# Can you insure a car without a drivers license?



## dr-x (Jul 31, 2010)

My license has been suspended for medical reasons, but I would like to insure the car against damage/ loss while parked on the drive, also so the named drivers (my Mrs & her Dad) can drive occasionally is this possible?


----------



## zim117 (Nov 9, 2014)

Yeah its possible but will have stipulations with it same as you can add a learner driver to a car policy to bring the price down just ring and ask bud :thumb:


----------



## Clancy (Jul 21, 2013)

The answer is sort of 

The far far easier option is I sure it in your other half's name or family member etc.
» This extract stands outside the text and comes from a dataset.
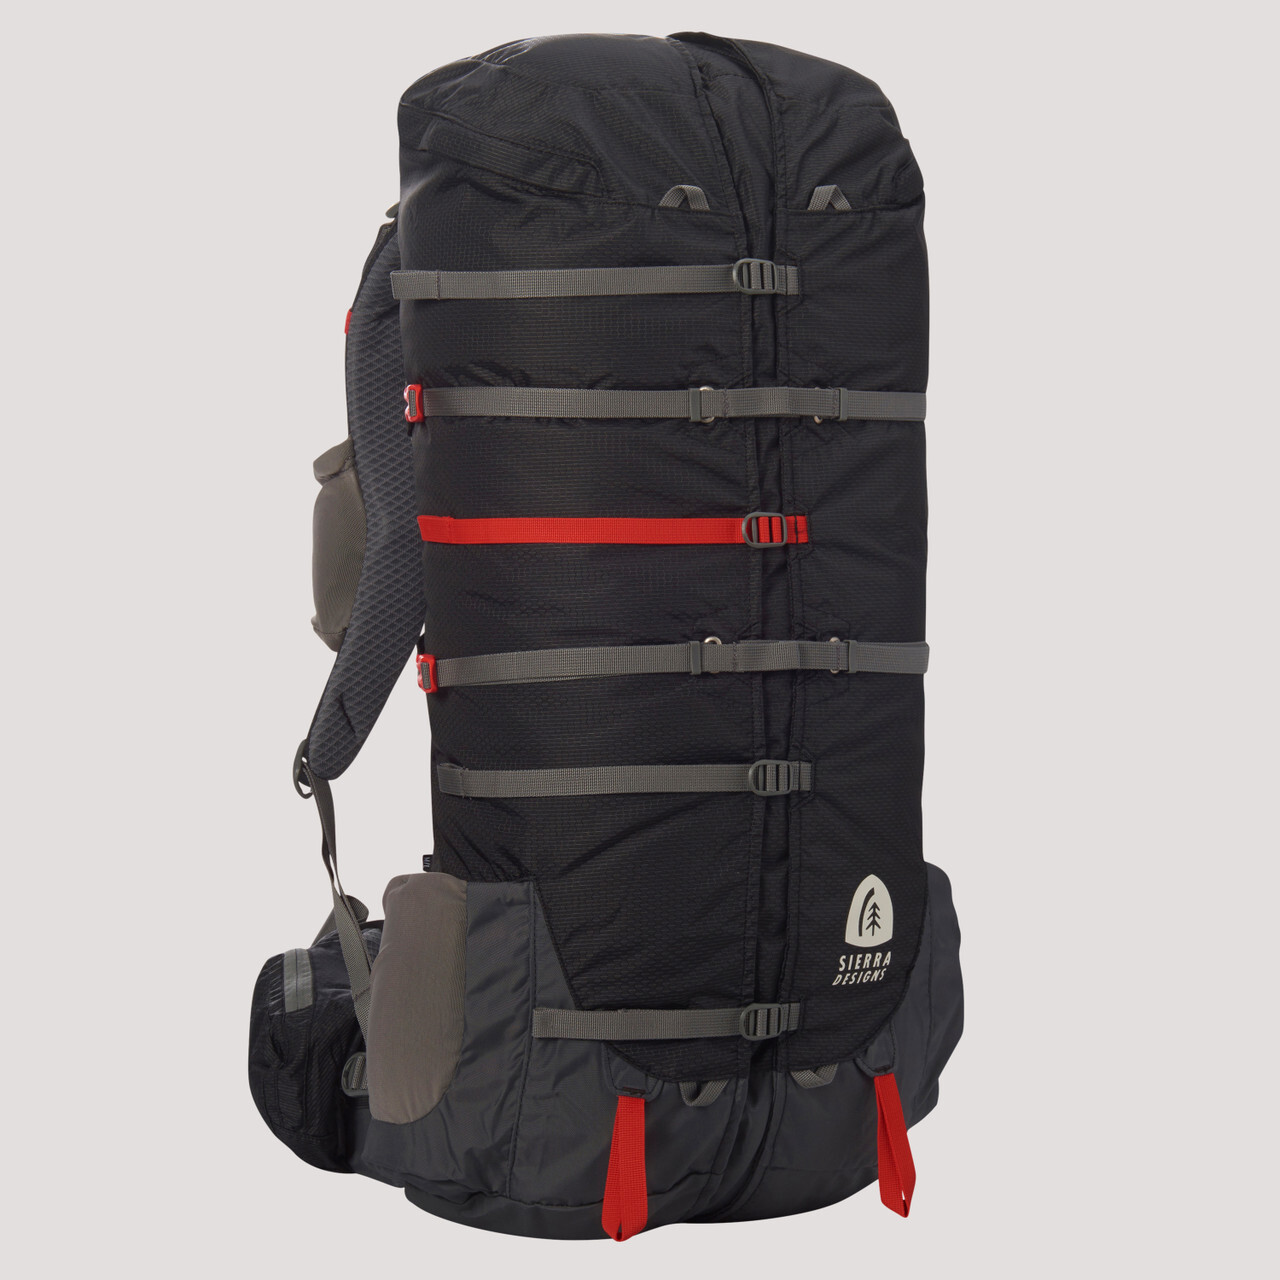 Sierra Designs Flex Capacitor 40-60L backpack review: an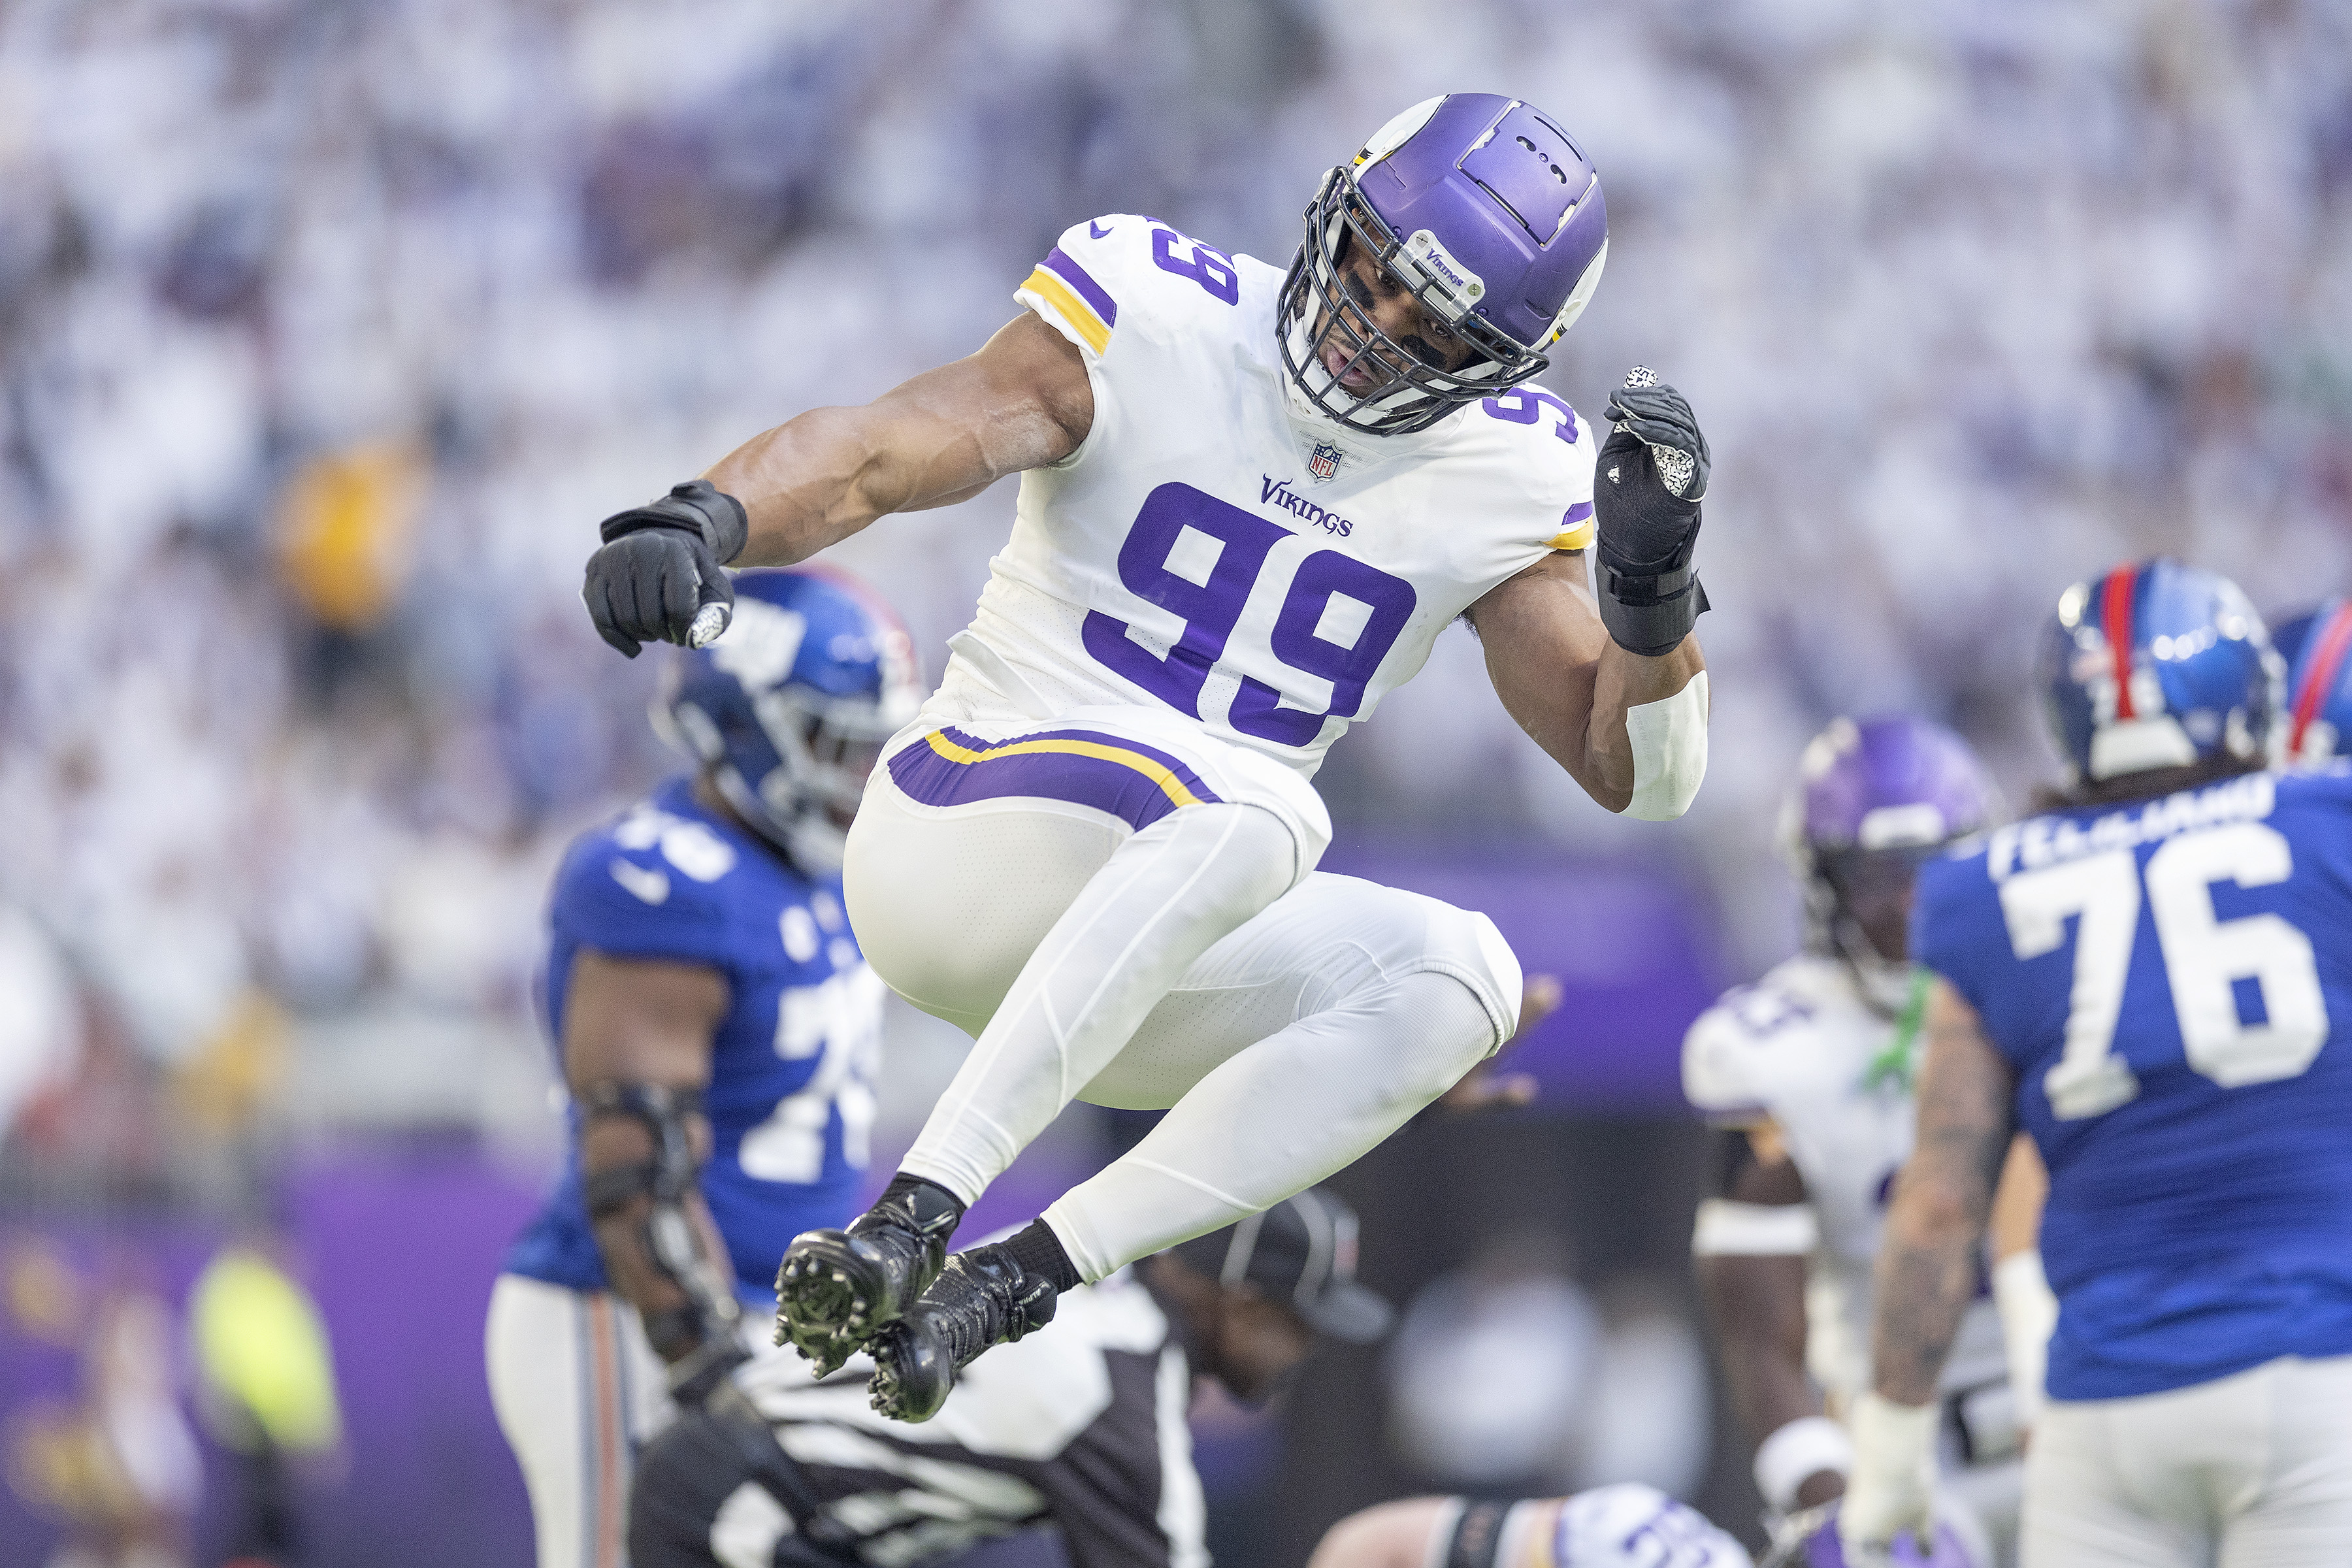 Vikings-Giants recap: Game balls, numbers to know, and what's next

Otherwise it's gonna be a pain, most insurers will just say no when you phone up 

You technically can insure it, but you will have to put someone else as the main driver, yourself as a named driver but declare that you are not driving at this time due to suspension so you will be put as an excluded driver 

But that then just defeats the point of your name being involved, it's probably just going to put your premium up So if possible I would just put it in someone elses name for the time being


----------



## David.S (Dec 27, 2009)

You must insure it ,,,or sorn it ,,,or you will be fined


----------



## dr-x (Jul 31, 2010)

David.S said:


> You must insure it ,,,or sorn it ,,,or you will be fined


Even if it's taxed on my drive?


----------



## Christian6984 (Dec 20, 2007)

dr-x said:


> Even if it's taxed on my drive?


Unfortunately so

http://www.mib.org.uk/Motor+Insurance+Database/en/Continuous+Insurance+Enforcement/default.htm


----------



## Shiny (Apr 23, 2007)

As above, if the car is taxed, it must have insurance in place or you are now committing an offence.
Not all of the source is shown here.